There is an uncomfortable, universal wound being picked at in Dan Sallitt’s latest film, regardless of which of its characters the viewer relates to more. The question is this: can we ever outgrow those close friends we looked up to in our younger years or are we destined to forever carry that complex around? This conundrum is what gnaws at the heart of Fourteen, an acutely observed and quietly expansive little film from the New York director of The Unspeakable Truth (another film with uncomfortable ideas about pseudo-siblinghood). This new feature concerns the alpha-beta (as it is perceived by the characters) relationship of two young women living in Brooklyn as, over the course of a decade or so, the beta friend adjusts to the pains and realizations of growing up and growing apart.
Fourteen stars Tallie Medel–who got her first break playing the lead in The Unspeakable Act in 2012–in a deeply felt and sympathetic lead performance as Mara, a hard-working Brooklyn resident who hasn’t yet managed to escape the psychological shadow of her childhood friend and current flatmate Jo (played by Norma Kuhling). Everything of the dynamic of their friendship can be drawn from the first time Sallitt has them fully share the frame, standing side by side in front of a brick wall. Mara is to the left with hunched shoulders, somewhat cowed in a zipped-up hoody with Jo beside her smoking a cigarette, eating junk food and giving few fucks, if any at all.
The film is chiefly interested in how long Mara, who is working hard to get her life on track, is willing to keep up this particular sidekick act. Mara works as a teacher’s aid while putting time aside to complete her masters as Jo floats from job to job; boyfriend to boyfriend; bender to bender. Early on, Mara notes how gifted a writer Jo is and says–with a downbeat sigh–how she’d give her “eyetooth” for that kind of natural talent. The film makes clear that things have always come easy to her friend (metabolism, talent, hot guys), at least in Mara’s eyes. Indeed, we feel her frustrations and the conflict of Fourteen arises in wondering how long Mara will stand by the increasingly volatile Jo, who calls on her for each breakup and every come-down.

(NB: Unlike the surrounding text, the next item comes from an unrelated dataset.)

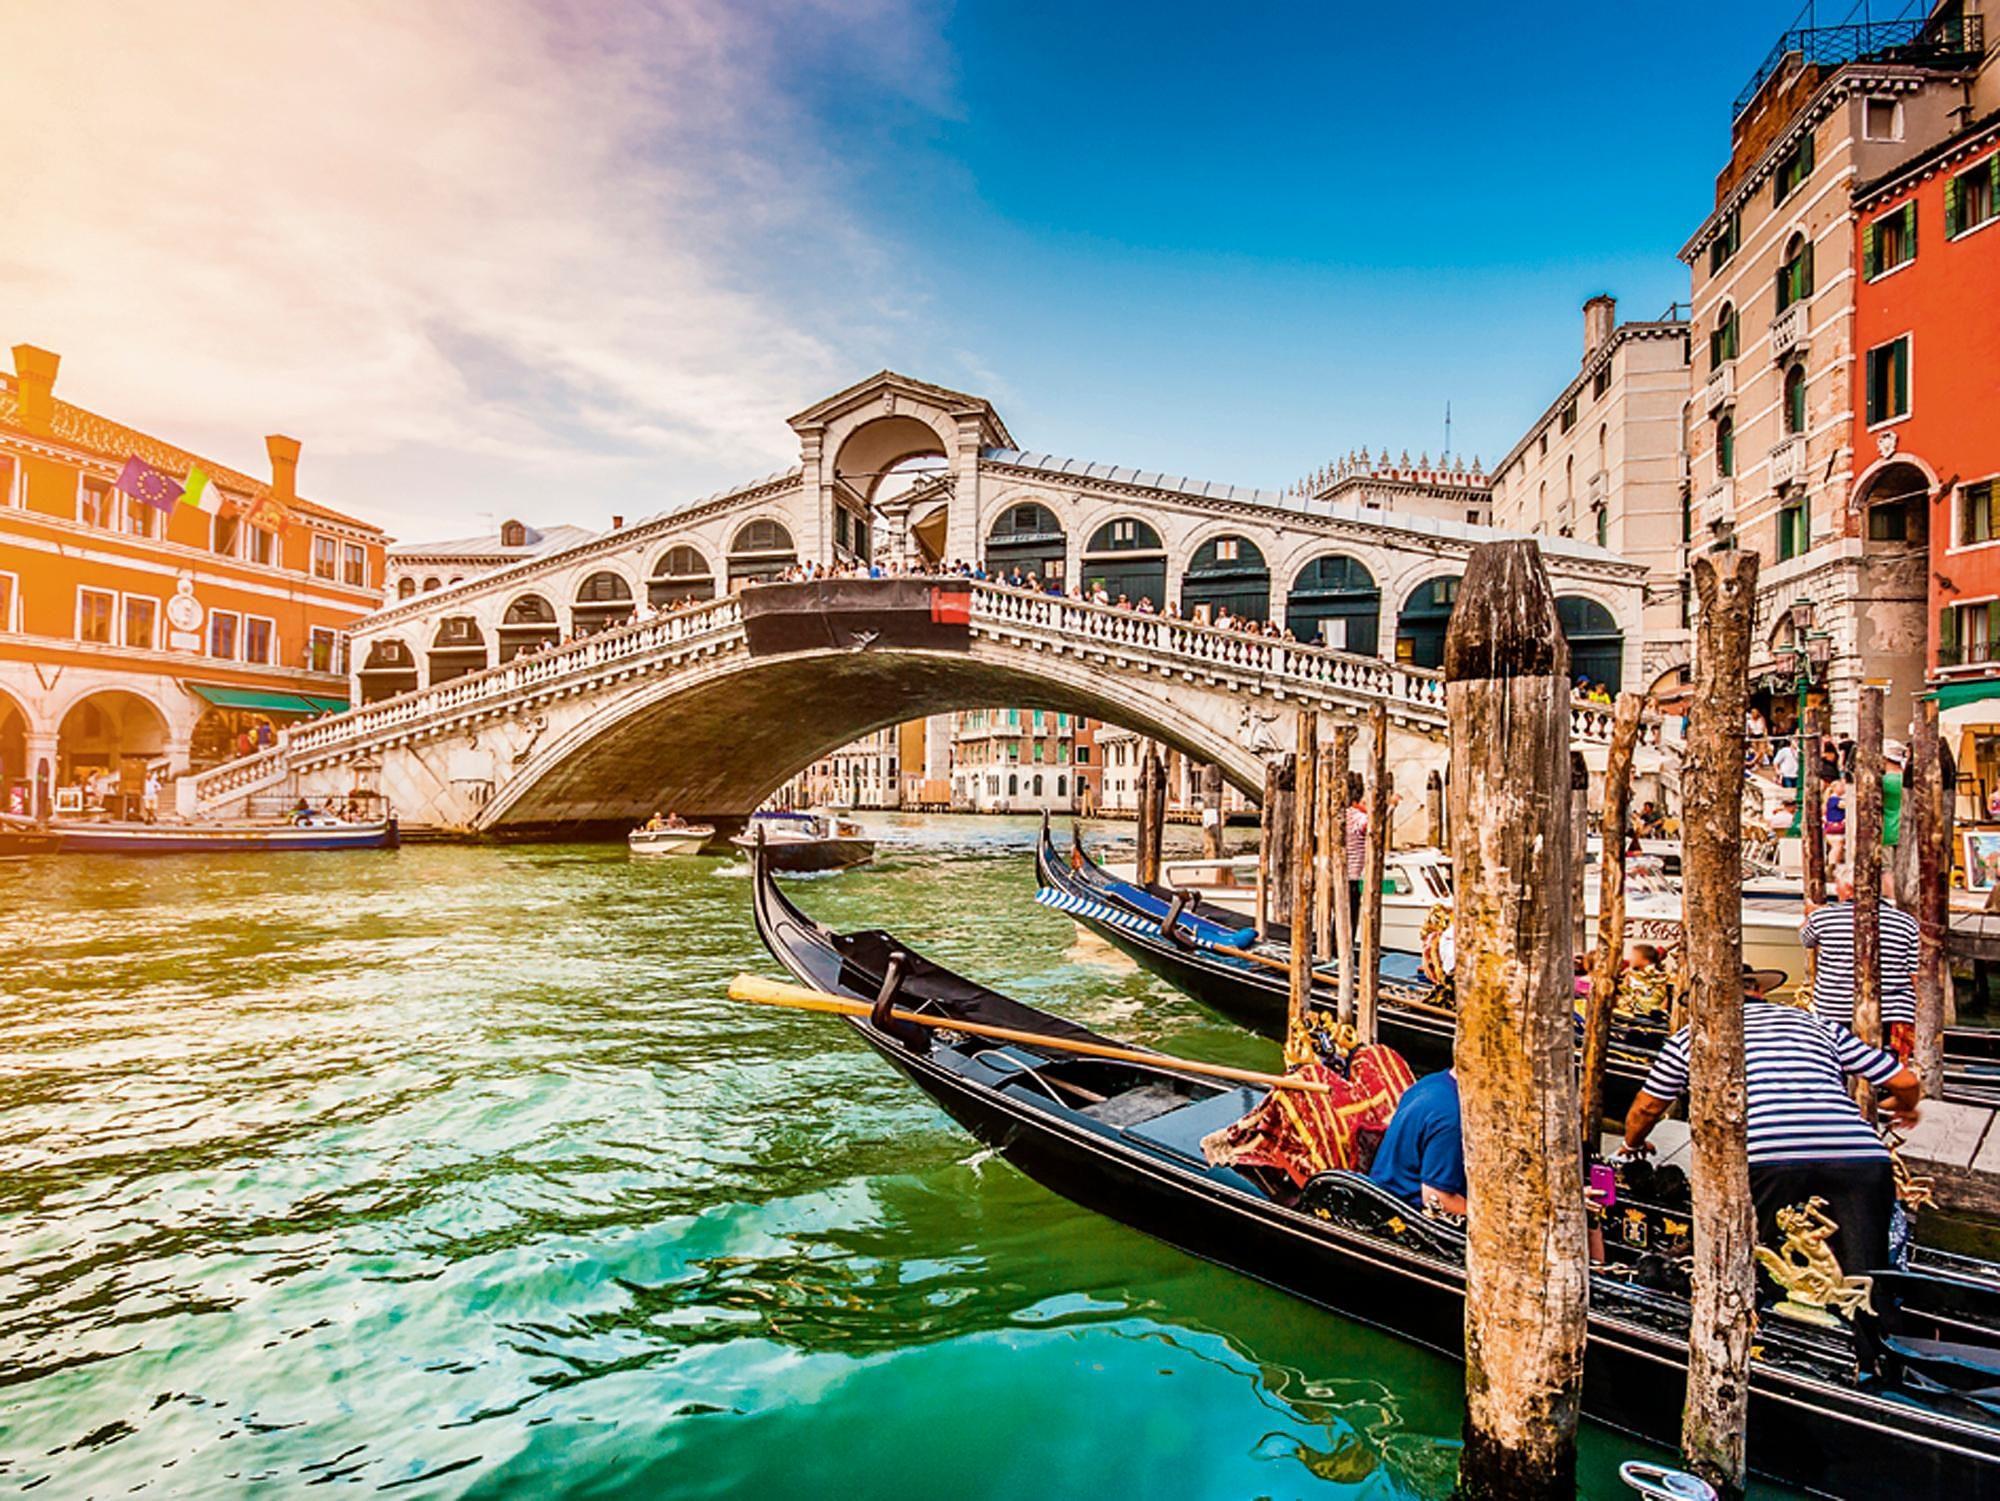 Home affaire Glasbild »canadastock: Panoramasicht auf den Canal Grande in Venedig«, 80/60 cm

All credit to Sallitt’s script. Were the film to linger in this time period, given the locale, Fourteen could easily have slipped towards nauseous naval-gazing. Instead we are asked to stay on our toes as the story hops liberally forward in time. In Sallitt’s world a cut can occasionally mean a week but it can also mean years at a time. Additionally, these jumps are seldom signposted with the significance of, say, a birth. We simply move from one interior or exterior to the next with scant clues to suggest how much time has past. This gives the film the texture of memory, akin to that which we saw in Boyhood, although obviously without the “special effect” of the actors’ aging processes. The director also lets the script do the talking for the most part, filming everything in a rigorous and non-judgmental medium shot that offers equal space and importance to each situation and character.
Medel appeared in Ricky d’Ambrose’s Notes on an Appearance last year, a remarkable film although one with no shortage of affluent young men pontificating in chinos and pastel shirts. Fourteen boasts its fair share of that particular breed too, which makes Mara’s enduring humbleness–something entirely absent in d’Ambrose’s film–all the more invaluable. In a pointed conversation in the early throws of Fourteen, Mara’s boyfriend floats the idea of having a threesome as they lay in a post-coital embrace in bed. Mara thoughtfully responds by considering which of her friends to ask, noting that Jo would be “up for it” but would probably make her feel “invisible” at the same time. Medel is excellent in the scene, suggesting years of self-doubt with nothing more than a subtle note of pain in her voice. When her boyfriend eventually does see Jo at a bar he notes sincerely that she’s not really his type, prompting a reaction from Mara that indicates this to be the first time she has ever considered herself as being more attractive than Jo in someone else’s eyes.
Those are the kinds of moments that make Fourteen what it is: a deep dive into the complexity and soft trauma of seeing those we idolized as kids through fresh eyes and what exactly to make of that new vantage. Mara, for her part, is always there for Jo and Sallitt will leave explaining the woman’s exact reasons why till late in the day, during a quietly moving scene at a bedside–by which point I was already comfortably nestled in this film’s embracing hands.
Fourteen premiered at the Berlin International Film Festival.